My year in beans: Winners, losers, and the future

by JulieCraves on January 17, 2009

In a previous post I mentioned that I had kept track of all the coffee I had in 2008. That post emphasized the low price ($2.70 a day) of drinking only really good, sustainable, specialty coffee.

Here, I’d like to make some brief comments on a few of the coffees themselves.

As I noted, my 2008 list included 63 different coffees, nearly all single origin  coffees, from 22 countries. Most were Latin American, with El Salvador leading the pack; Kenya topped the choices from the rest of the world. I drank coffee from 23 roasters, turning most often to Counter Culture and Terroir Coffee Company.

My three favorite coffees were:

  • Mamuto, Terroir Coffee Company, Kenya. Coffee Review gave this coffee an amazing 97 points, deservedly so.
  • Finca Kilimanjaro, PT’s Coffee Company (I mentioned roaster and coffee here). A Kenyan bean grown in El Salvador, literally the best of both worlds.
  • Finca Nueva Armenia, Counter Culture, Guatemala. From a Smithsonian Bird-Friendly certified farm, it has to be the current best certified sustainable coffee in the world (my review here).

One disappointing coffee stood out: Trader Joe’s Cafe Feminino Peru. I’ve tried these beans from this source before, as they are widely available; my brief review from Grounds for Change was very positive. The Trader Joe’s version, which was supposed to be a medium roast, was very dark and oily, more like a French roast. That shouldn’t be a problem — I liked the Grounds for Change in a dark roast. Yet I found the Trader Joe’s was awful: thin, harsh, and sooty. Trader Joe’s doesn’t use roast dates, and the (lack of) bloom indicated this batch was not particularly fresh. I will be devoting a post to Trader Joe’s coffee in the future.
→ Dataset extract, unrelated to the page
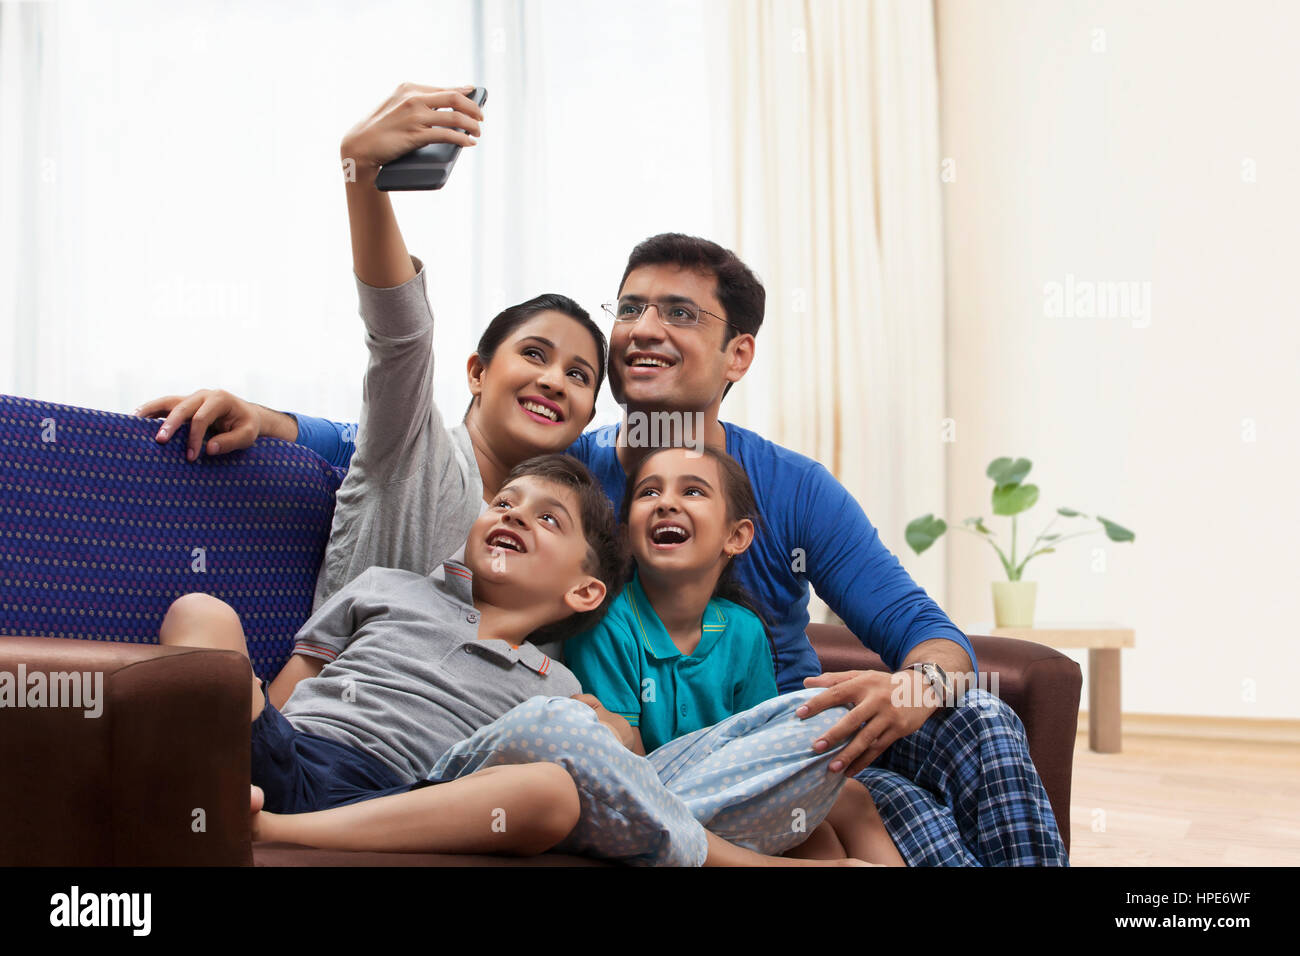 Famiglia in pigiama tenendo selfie sul divano Foto Stock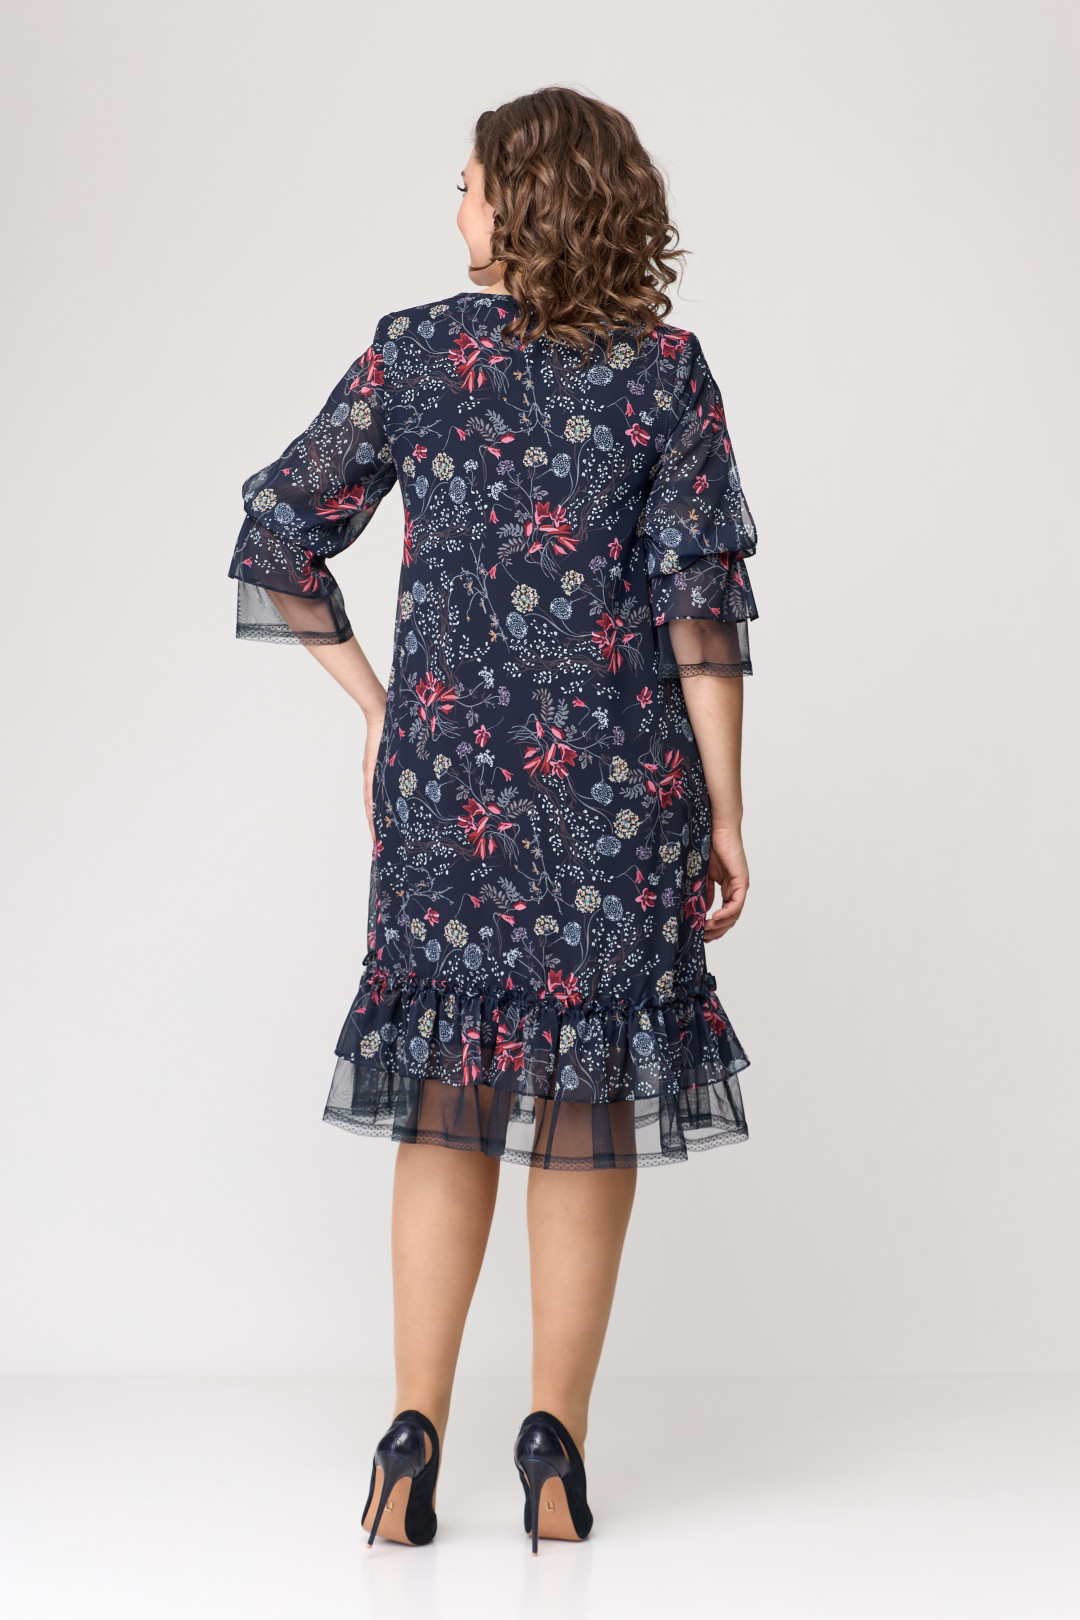 Платье Мода-Версаль 2205 индиго

A few of you may be wondering why, if I drink so many different coffees, so few are reviewed here on Coffee & Conservation (eleven reviews were published in 2008). There are several reasons. First, although I’ll occasionally give just my own opinion on a coffee, fair reviews involve a bunch of people tasting each coffee, often more than once. Sometimes, it’s just hard to corral a panel. Second, as I pointed out in the introduction to how we do reviews, most coffee ratings are lumped in the middle of the 1 to 5 motmot range. The value in the reviews is the background information provided about the origin/region, farm, growing methods, and roaster. This research is time-consuming. Sometimes, I don’t come up with enough solid information to make a good review.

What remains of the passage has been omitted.